One item on the Book Lover’s Café  menu that I haven’t yet gotten around to ordering is called “Our Plumber’s Pasta.”  It seems to be a typical college-town hippy-ish mixture of pasta, vegetables, and almonds in a sort-of-Asian-style sauce. But only after buying the Book Lovers’ Café cookbook as a souvenir recently (it was, of course, right on the cashier’s table, along with all the other local works) did I realize how true my characterization was:  the base of the dish, and the source of flavoring in the original formulation of the recipe, was a notorious student standby -- instant ramen noodles and flavoring packets! But the truly novel and creative part of the recipe is that it requires no cooking whatsoever – instead, the “instant” noodles soak overnight in a soy-and-vinegar-based marinade until tender. (And according to the cookbook, the popular dish was indeed the invention of the original chef’s plumber.) Of course, I had to try my own version of it.
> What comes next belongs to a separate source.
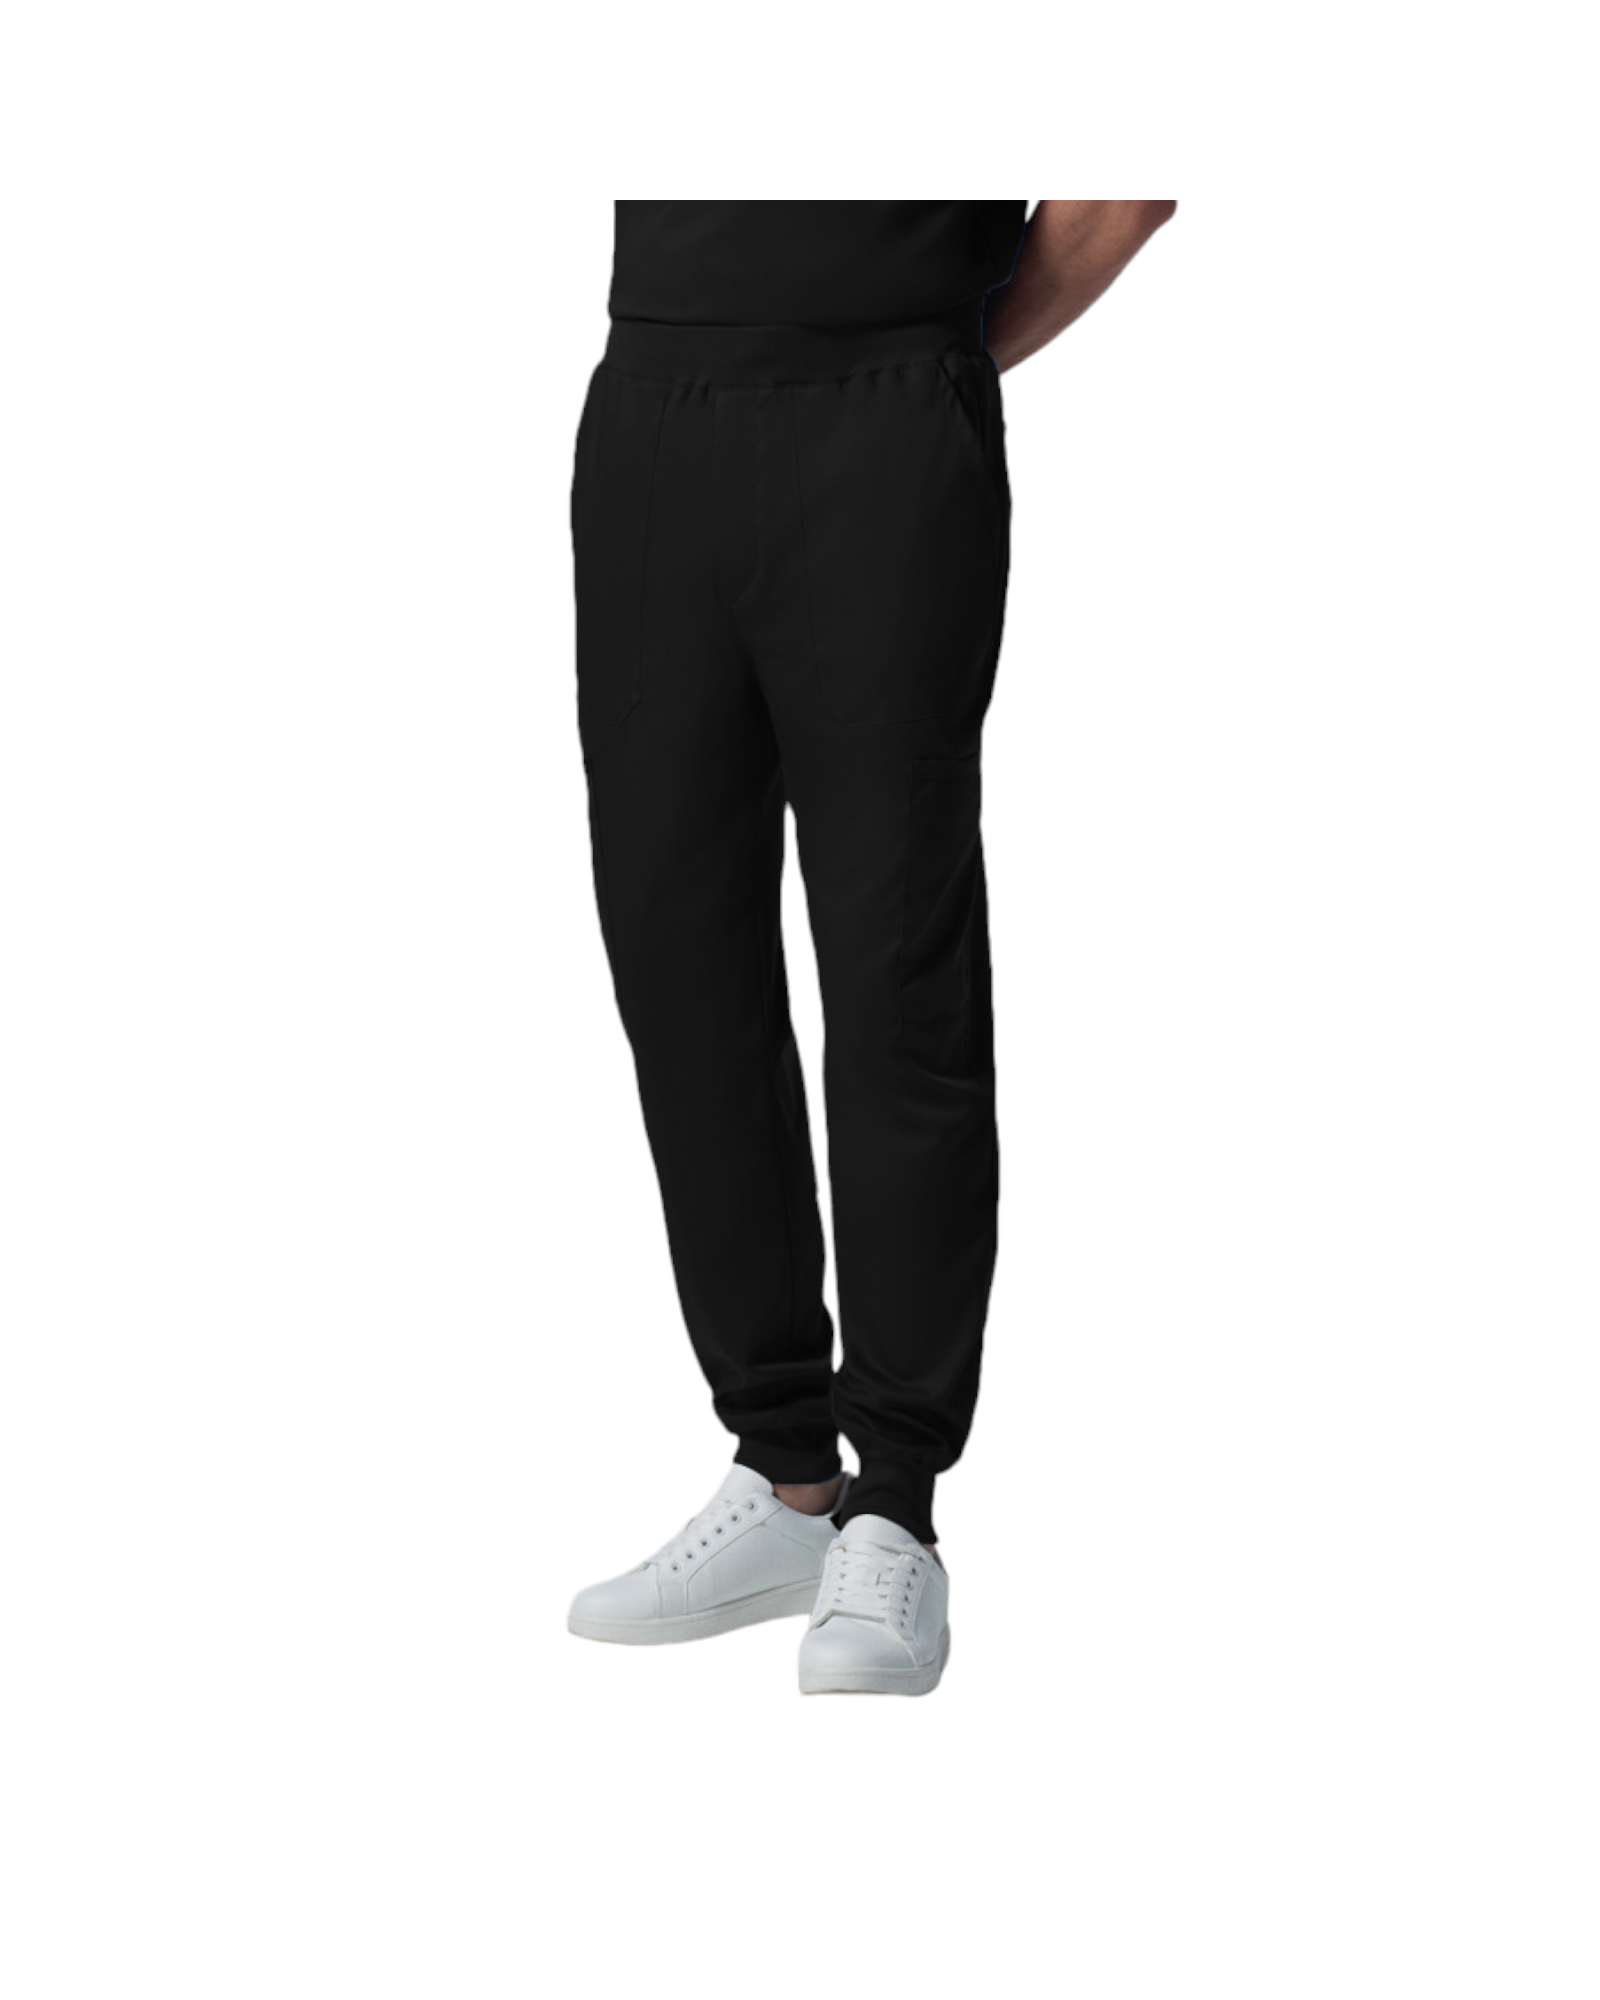 Pantalon jogger pour hommes Landau Proflex #LB407 OS couleur Noir

The book didn’t say who this plumber was. But I picture him as a bright, independent-minded UF dropout who decided he wanted to do real work with his hands rather than spend his life pushing paper around. More than any of the other, more conventionally wholesome dishes on the café’s menu, with their locally sourced organic ingredients, this plumber’s creation speaks loudly and clearly to a distinct sense of place: Where else could such a dish have evolved and flourished except in a community dominated by starving students and aspiring artists with dreams of far-away places and bigger things?

  plumbers pasta

OUR PLUMBER’S PASTA

(Adapted from The Book Lover’s Café Cookbook, by Ian Schliefer)
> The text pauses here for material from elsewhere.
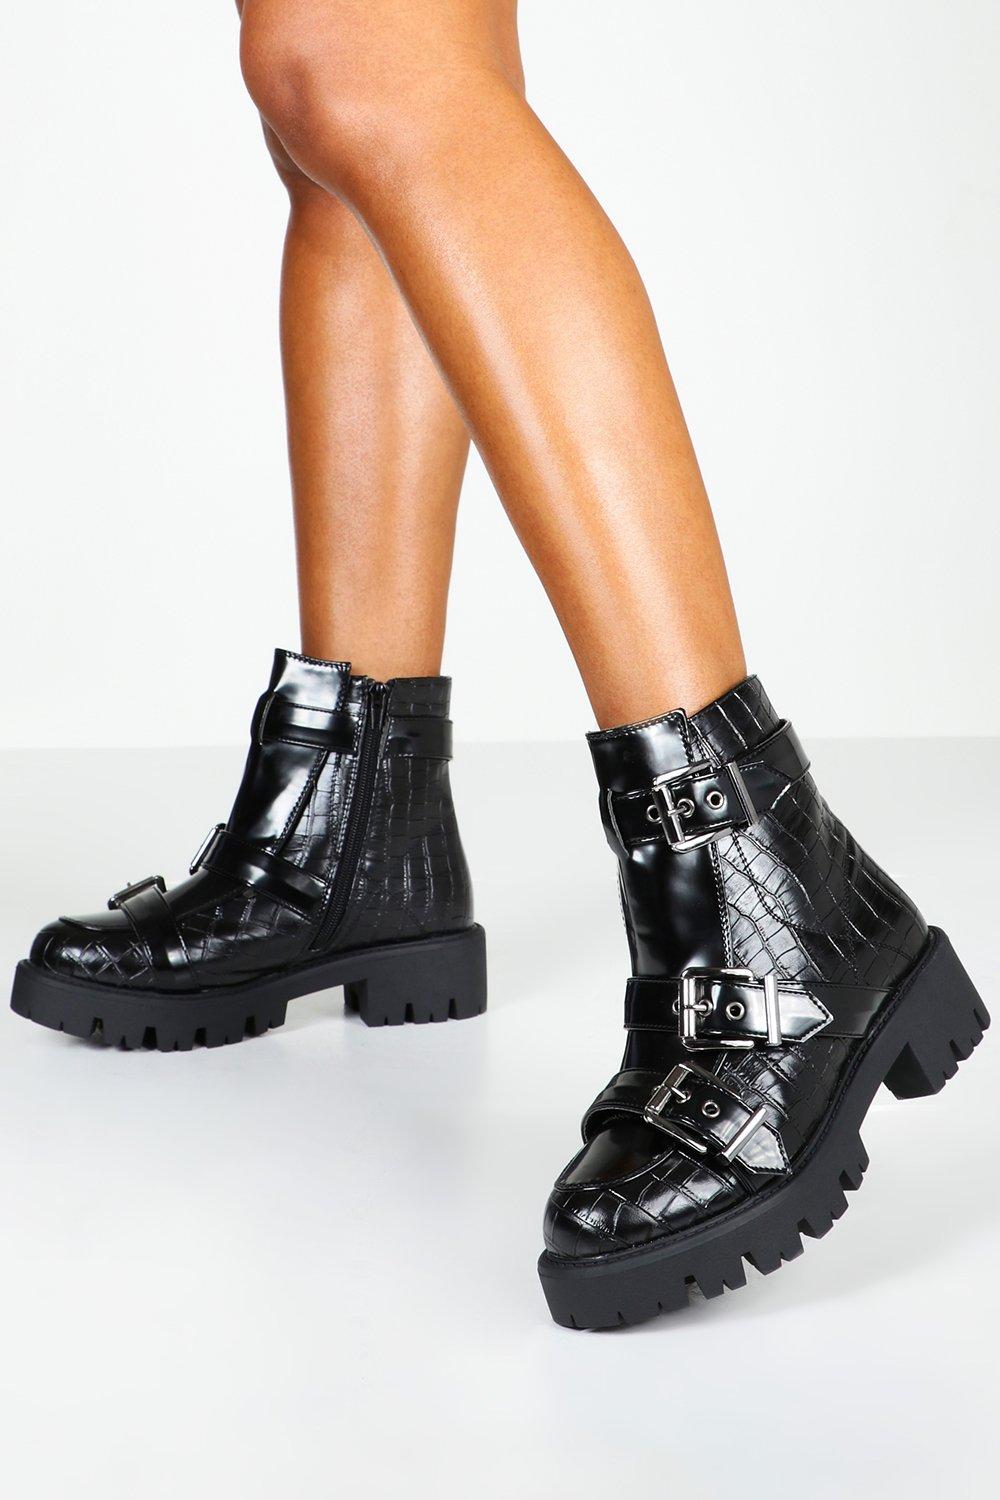 boohoo croc boots

Note: The original recipe called for balsamic vinegar, but I substituted Chinese sweetened black vinegar, which has similar tangy, caramel notes and is a LOT cheaper.

For the pasta and vegetables:

3 (3.5 ounce) packages instant ramen  (according to the original recipe, all the ingredients in “Oriental”- flavored ramen are vegetarian, but check the ingredient list if this is a concern. If not, any basic flavor will work.)

1 large green bell pepper, diced

½ medium red onion, diced

½ cup red cabbage, diced

1/3 cup sliced or slivered almonds

For the marinade:

¼ cup canola oil

¾ sweetened black vinegar

1/3 cup soy sauce

1 seasoning packet from an instant ramen package

I teaspoon finely grated garlic (about 1 medium clove)

1 teaspoon finely grated fresh ginger

1 cup water

1. Combine the marinade ingredients in a medium bowl; set aside.

2. Break up the cakes of ramen noodles into small pieces (about ½ inch across), and put them in a large bowl. Toss thoroughly with vegetables and marinade. (Discard remaining two flavoring packets or reserve for another use.)

3. Cover the bowl with plastic wrap and allow to rest, overnight, in the refrigerator. (Instant ramen noodles are already cooked; soaking them in the marinade will rehydrate them into their more familiar “cooked” form.)  Serve cold or at room temperature.